2007

Die Jugendmedienakademie erwachte zum LebenJMA 2007

Das Jahr 2007 ist das Geburtsjahr der Jugendmedienakademie.

Damals waren digitale Medien, wie Computer und Handy schon für die meisten Jugendlichen in Deutschland längst eine Selbstverständlichkeit. Am häufigsten surften Jugendliche im Internet, spielten Computerspiele, hörten Musik oder schrieben Texte. Der Konsum von digitalen Medien war im Trend und die Nutzerzahlen schossen in die Höhe. So hatten im Jahr 2002 46 % der Jugendlichen einen Computer und 49% ein Handy. Im Jahr 2007 hingegen hatten schon 60% der Jugendlichen ein Computer und 92% ein Handy. Jedoch waren die meisten Eltern zunehmend besorgt, weil sie den Medienumgang und Konsum ihrer Kinder nicht überschauen konnten, da sie selbst nicht mit Medien aufwuchsen. So kamen Dietmar Unterricker und Anni Kramer der Kinder- und Jugendagentur vom Landratsamt Sigmaringen und Klaus Harter, Leiter der Suchberatungsstelle auf die Idee, mit dem Arbeitskreis AK Jugendmedienarbeit eine Jugendmedienakademie zu veranstalten.

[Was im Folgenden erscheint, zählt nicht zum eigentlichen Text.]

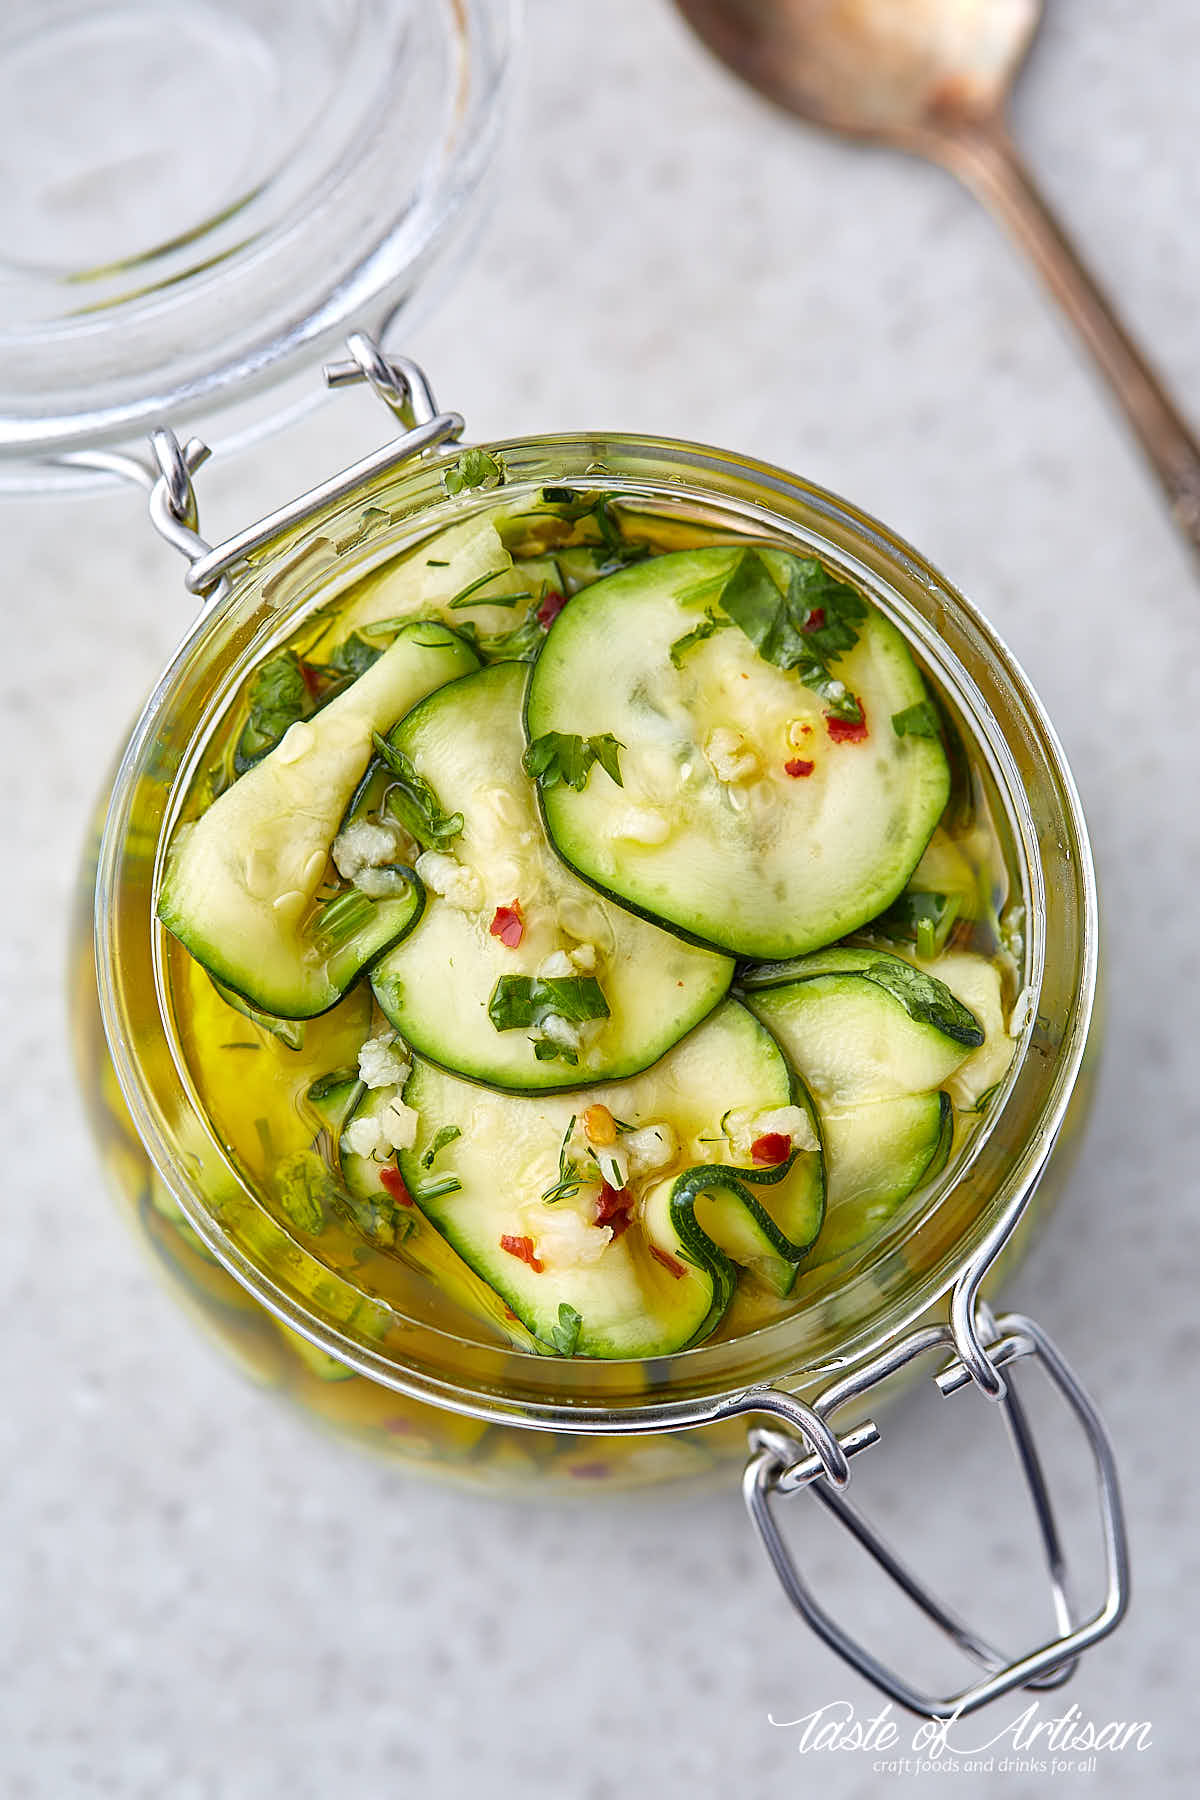 Top down view of slices of marinated zucchini in a glass jar.
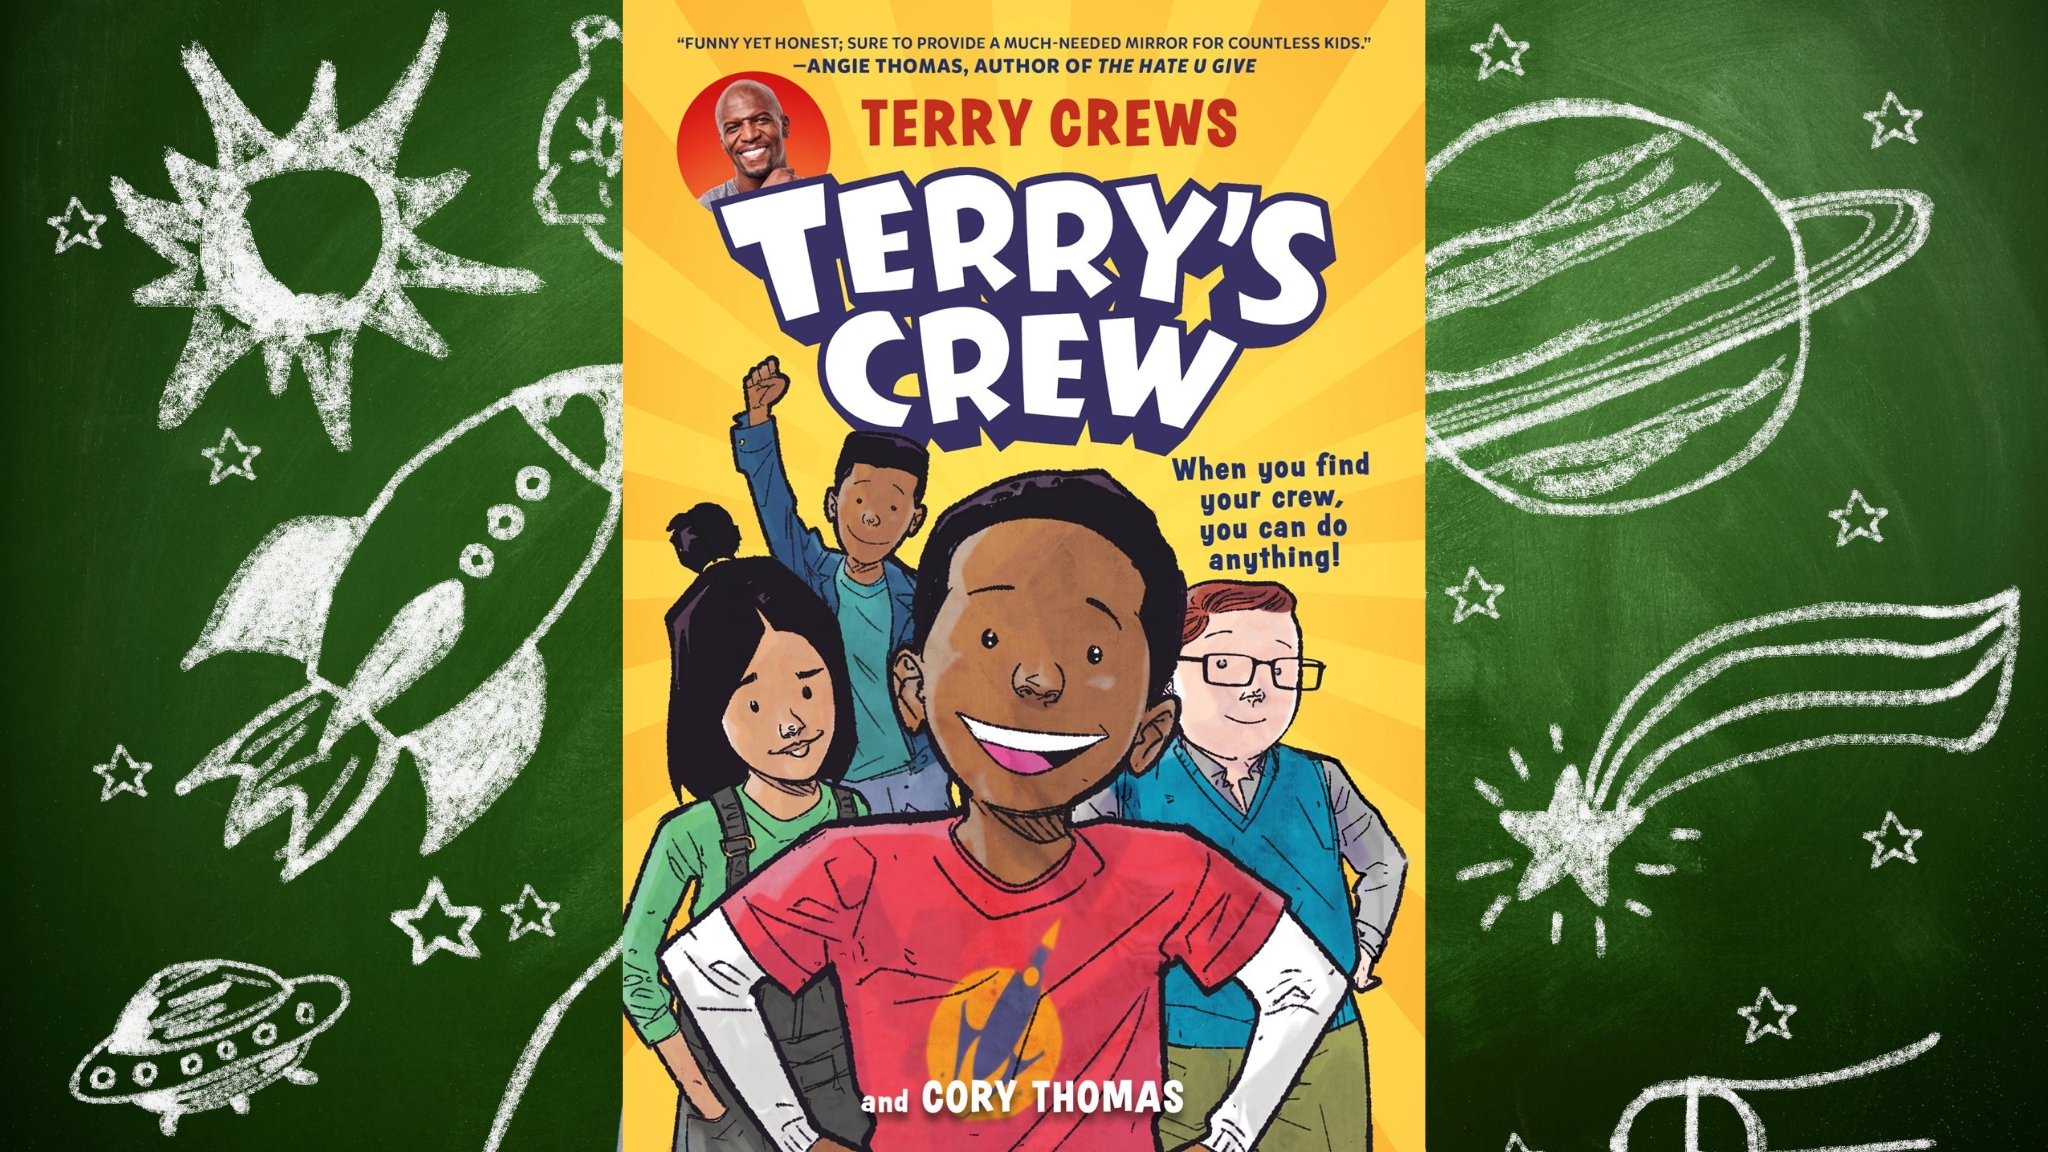 Chase Big Dreams and Find Supportive Friends in “Terry’s Crew”

Die Idee wurde erfolgreich umgesetzt und den Kindern und Jugendlichen wurde in verschiedenen Workshops das vielfältige kreative Arbeiten am PC  und der Umgang damit vermittelt. Neben der Fachkompetenz lernten die  Jugendlichen auch soziale Kompetenzen wie Teamfähhigkeit und Ausdauer.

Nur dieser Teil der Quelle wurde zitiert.